ISAF and Afghan army forces surrounded Quatliam, isolating the insurgents there from Isa Khel. Taliban forces put up fierce resistance along the route between Quatliam and Isa Khel by pounding coalition positions with small arms, rocket propelled grenades and mortars. According to German officials, the rebels used hit-and-run tactics in order to wear down the coalition troops. The Taliban eventually attempted to outflank the German paratroopers in Quatliam, but they were beaten off by a Marder infantry fighting vehicle. In the end, close air support and artillery fire from the Panzerhaubitze 2000 howitzer at Kunduz weakened the insurgents' will to fight. Five militants were killed in action.

A second meeting between Colonel von Blumröder and local elders took place in Quatliam, as heavy fighting was still ongoing. The coalition reached a compromise with the villages' leaders. The local authorities promised full cooperation with ISAF forces in exchange for Quatliam and the surrounding area being supplied with electric power.

Damage assessment of the operational area was once again carried out by drones only, given the persistency of hostile forces on the ground.

===3 November===
Fighting between coalition troops and Taliban militias continued to rage. In several occasions, German paratroopers requested artillery fire from the Panzerhaubitze 2000 howitzer and close air support from USAF F-15 and F-16 aircraft against hostile mortar positions.

North of Quatliam, the insurgents launched an assault on the Afghan police headquarters in Char Dara. The attackers were driven out without major consequences. According to military intelligence reports, four insurgents were killed in action.

===4 November===
On November 4, the police headquarters in Char Dara were reinforced by additional ISAF forces from Kunduz in order to respond to further insurgent attacks. Taliban activity dropped sharply, and died down by evening.

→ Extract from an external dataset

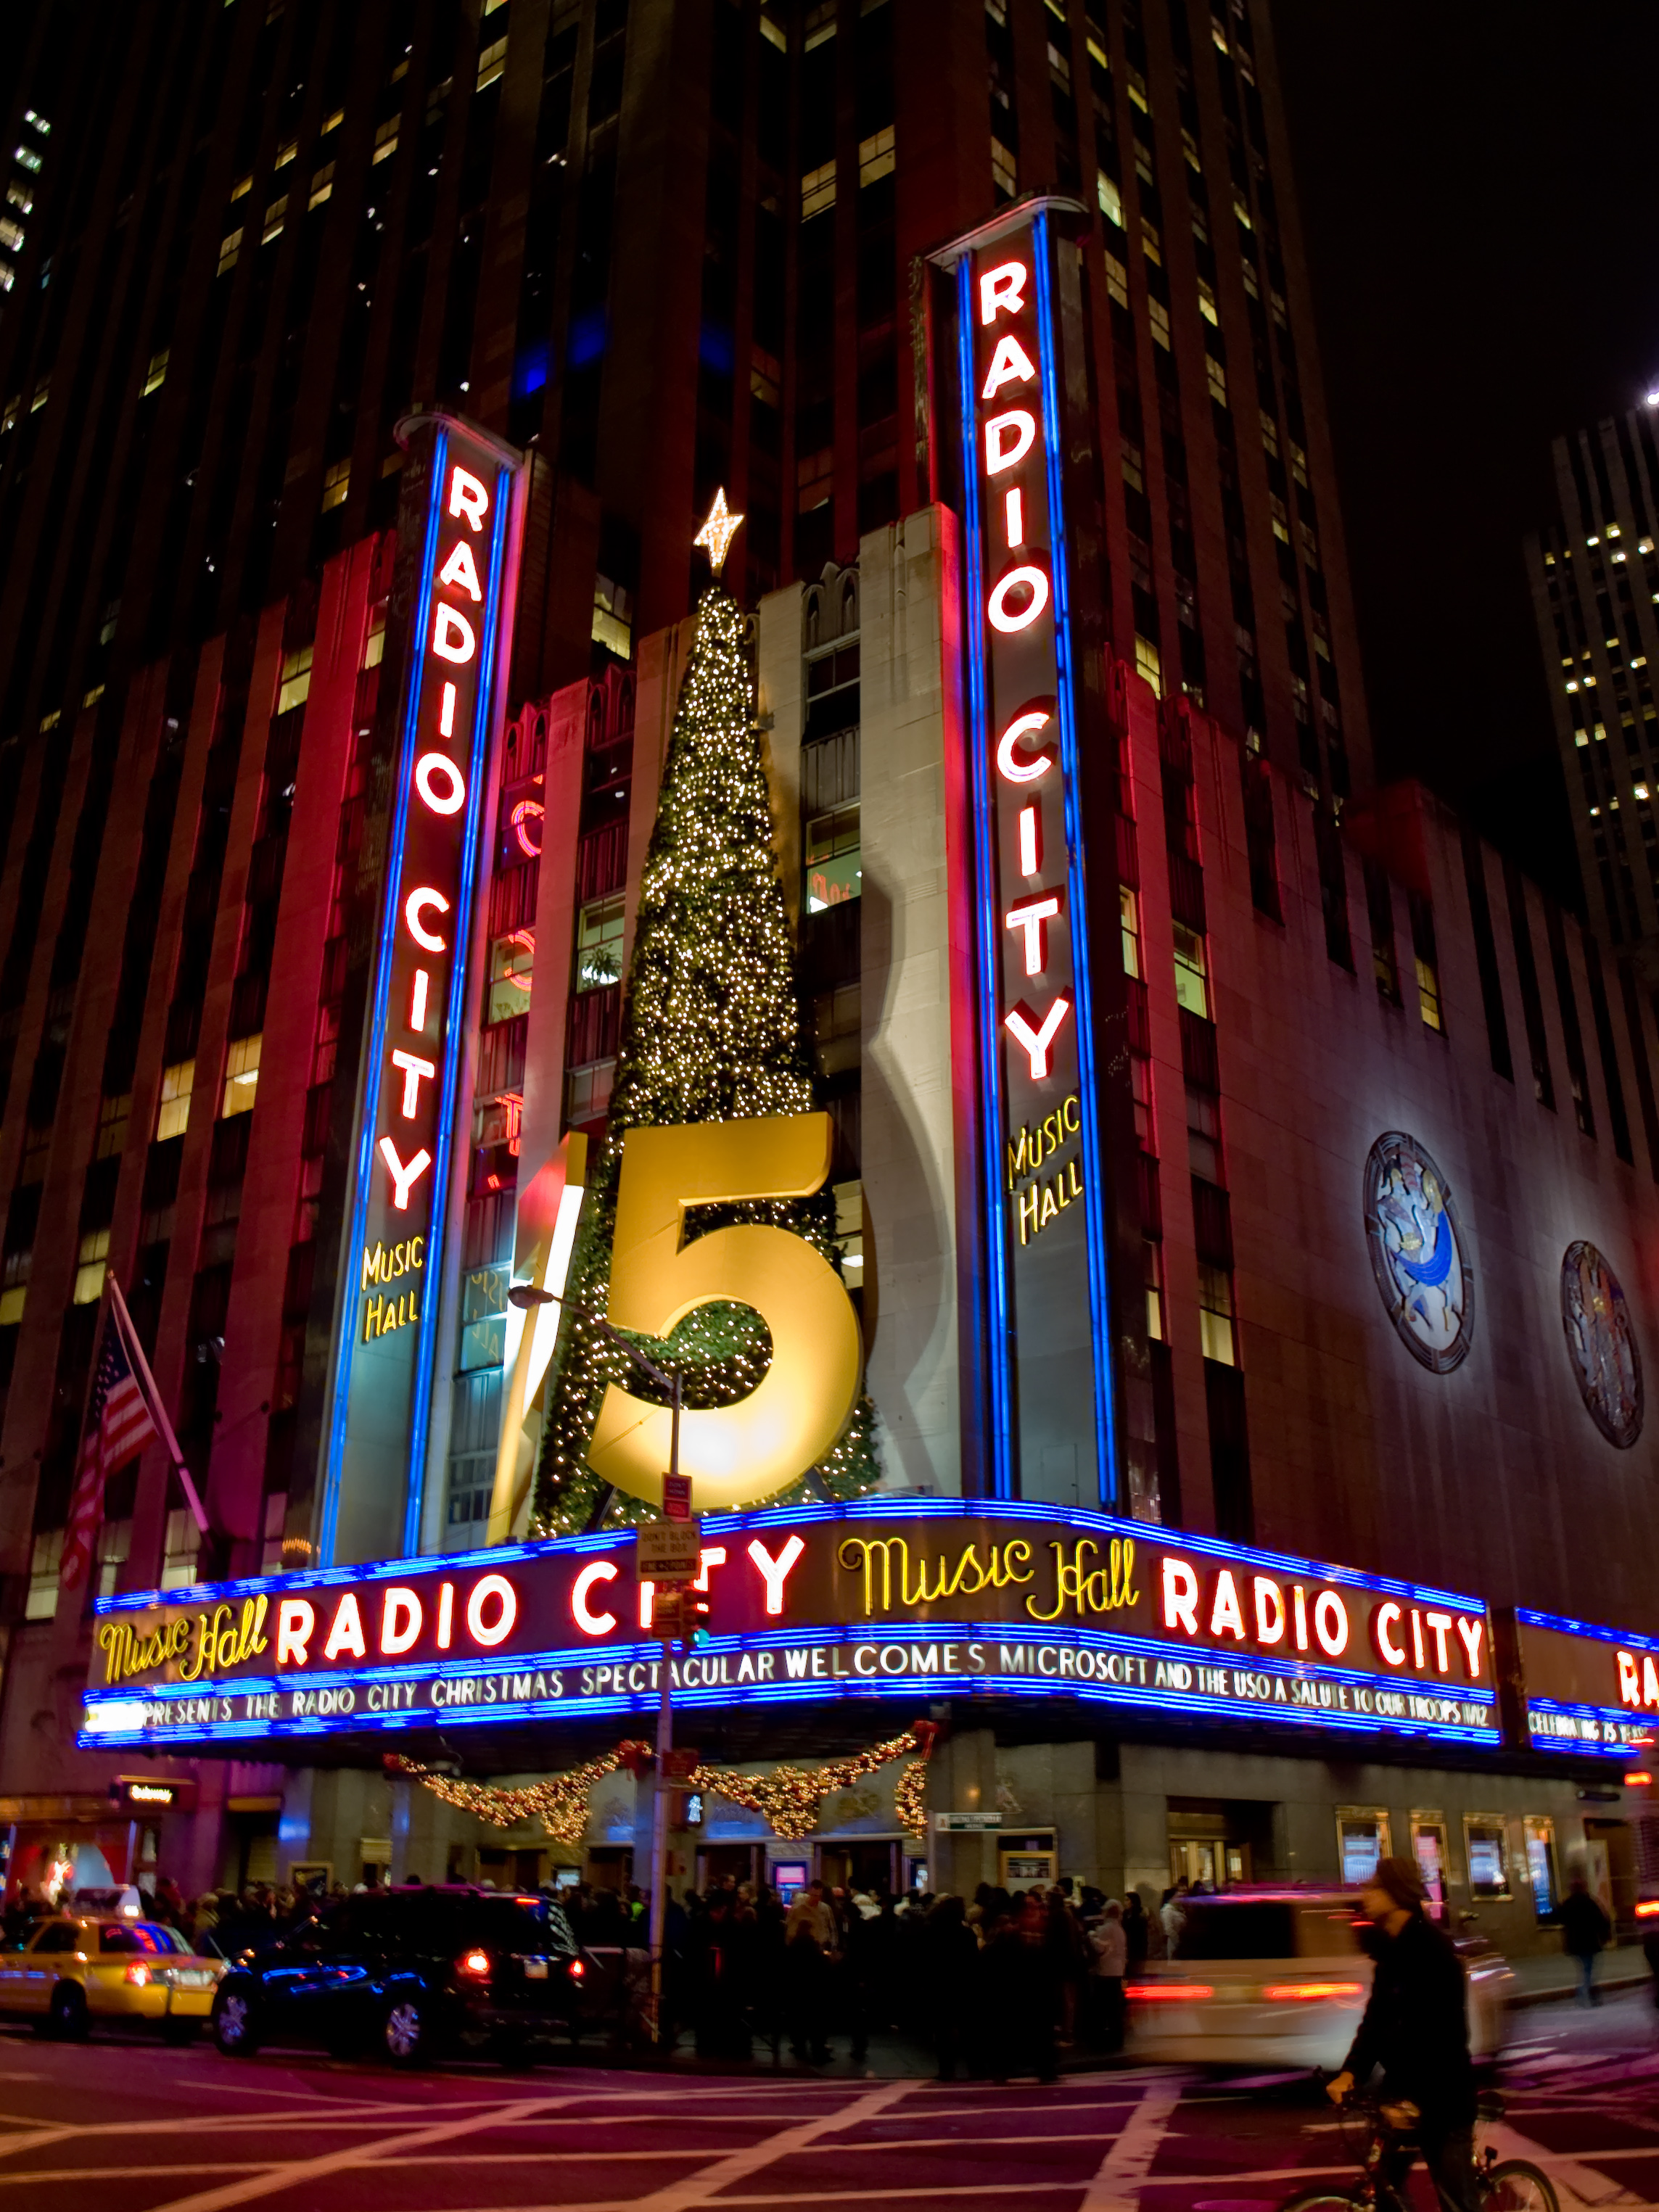 File:Radio City Music Hall 2229954271 675a3a4551.jpg - Wikimedia Commons

During the night, a unit from the training and protection battalion at Mazar-i-Sharif moved to Quatliam to reinforce the troops employed initially and relieve them later. Taliban forces eventually withdrew from the battle zone toward their strongholds of Imam Sahib in the north and Baghlan in the south. A number of them were caught and taken prisoner by the Afghan police while dressed in burqas in an attempt to hide themselves among the civilian population.

The checkpoint on "Little Pluto" road was eventually established by German engineers. The reconstruction of Quatliam was to be carried out by teams of civil-military cooperation (CIMIC) . ISAF troops cleared the streets of makeshift explosive devices (IED). Tips to find the explosive devices and neutralize them usually come from the local population. The ordnance was destroyed with controlled explosions in situ by German engineers.

The German minister of defence, Karl-Theodor zu Guttenberg, paid a brief visit to German troops at Char Dara.

==Aftermath==
Once the main combat operation was over, ISAF established outposts in the village of Quatliam and along the supply road "Little Pluto", manned first by German forces who would then gradually hand over the job to Afghan security forces. According to the operational doctrine of the ISAF, this marked the beginning of the "hold" phase, in which the conquered territory is maintained and rebuilt under constant presence of security forces with the support of development and aid organizations.

Further meetings were held with the elders of Quatliam and the surrounding villages to promote the rebuilding process. The works to connect Quatliam and the surrounding villages to the main power lines again were already underway. The development project was funded by the German Federal Ministry of Foreign Affairs. The German training and protection battalion from Kunduz was then deployed to patrol and ensure freedom of movement along the logistic route "Chimney" -between Kunduz and Char Dara- and the heights 431 and 432, an operation codenamed "Sher Chesan".